Extreme erudition – and it’s not just memorization

Out of the 29 reasoning traces, 13 of them resulted in a correct response – but how does o3-mini-high solve these problems?

One important factor is its extreme erudition, and this should come as no surprise given how much data it’s been trained on. The model is able to tackle FrontierMath problems across a wide range of domains, and the mathematicians unanimously agreed that it is extremely knowledgeable. One mathematician noted that “[o3-mini-high] correctly expands the mathematical background of the question, involving very fancy concepts […] - general knowledge and understanding of the question are not the bottlenecks here.”

And it’s not pure memorization either. Even when the required techniques for solving a problem were deliberately obscured by question authors, the mathematicians generally found that o3-mini-high has a decent ability to draw on the right theorems to make progress. In particular, on around 66% of the reasoning traces, the mathematicians rated the model at least 3 out of 5 for its ability to invoke relevant mathematical results.

Figure 1: The reviewing mathematicians generally found that o3-mini-high was decent at invoking relevant results from the mathematical literature, achieving a rating of 3/5 or higher on around two thirds of problems.

A “vibes-based inductive reasoner”

Most of the mathematicians also noted that o3-mini-high tends to adopt a pretty informal style of reasoning. One mathematician described the model as a “vibes-based inductive reasoner”, with a “mathematician-like sense of curiosity” that identifies cheap experiments that help get traction on a problem. Another mathematician pointed out that “the model seems to be thinking in a slightly informal, not precise way. The initial formulation of the thought is often rough, the language is not precise, there are some corner cases which would not qualify in a written mathematical paper.”

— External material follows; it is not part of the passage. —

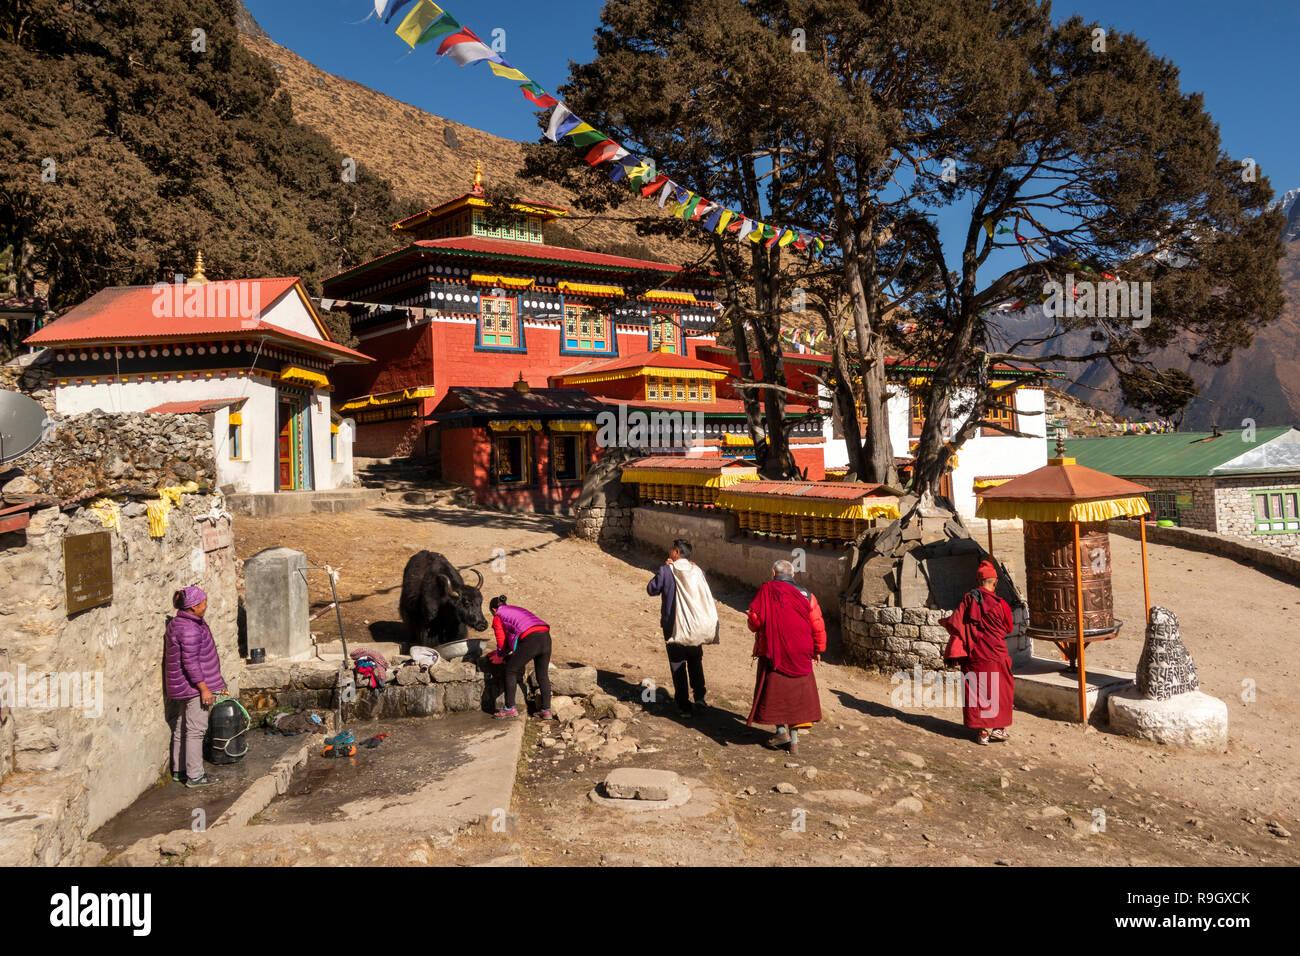 Nepal, Everest Base Camp Trek, Khumjung, monks passing traditional prayer wheels and mani stones outside village gompa - Stock Image

Why doesn’t the model formalize its reasoning more? It’s not entirely clear to us, but at a minimum we suspect the explanation has to be more complicated than “the model is lazy”. For example, one mathematician noted that “the model is not afraid to compute and write code when needed.” This is a tedious step that helps the model remain more grounded and less abstract, despite being overall quite “vibes-based”. It’s also possible that what mathematicians mean by “formal reasoning” is in fact underrepresented in pre-training data, and only imperfectly evoked in post-training.

Where o3-mini-high fails

Lack of precision

The lack of formal precision we alluded to in the previous section is also one of the main areas where o3-mini-high falls short. For example, one mathematician noted that “where [o3-mini-high] falls well short of a human mathematician is that it does not follow up on a discovery by trying to prove it”. In one case they found that the model makes a correct conjecture through its informal reasoning, “but does not even attempt to prove that conjecture. Instead it just applies the conjecture to solve the problem, getting the correct answer.”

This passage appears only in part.